「ナチス・ドイツを連想させる」
数年前に私は国土地理院の「外国人にわかりやすい地図表現検討会」のメンバーとして議論に関わった。
東京オリンピック2020大会への外国人観客を意識した議論であったが、国土地理院はその検討材料として907人に及ぶ外国人(大使館員、JICA研修生、留学生、日本語学校生徒、浅草寺周辺での観光客など)にアンケートを実施している。
その際に日本の地形図の記号である卍に対して「ナチス・ドイツを連想させる」という意見が多数あったことを考慮し、結果的に三重塔の側面形の採用を検討会として提言したこともあった。
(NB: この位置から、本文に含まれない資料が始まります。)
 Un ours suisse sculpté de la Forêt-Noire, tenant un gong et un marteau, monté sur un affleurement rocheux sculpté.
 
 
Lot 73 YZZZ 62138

地形図の記号で寺院に卍を採用したのは明治13年(1880)から整備が始まった「迅速測図」以来で、以後モデルチェンジもなく現在に至っている。
ただしその記号の呼称は最初が「仏閣」で、次に「仏宇」とする時代が長かった。その後は「昭和30年図式」の「仏寺」を経て「昭和35年加除図式」から現在の「寺院」になっている。
記載の対象は現行の「平成25年図式」によれば「目標となるものを表示する。ただし、著名なもの又は地域の状況を表現するために必要なものについては、注記[文字表記=引用者注]する」としてあり、仏教寺院の定義に関する規定はない。
もっとも運用を見れば既存の仏教に限られており、仏教系であってもいわゆる新興宗教は含まれていない。特に規模が大きく目標物になるものについてのみ卍記号は使わず、「法隆寺」「天理教本部」「金光(こんこう)教本部」「PL教団本部」などと固有名が記載されている。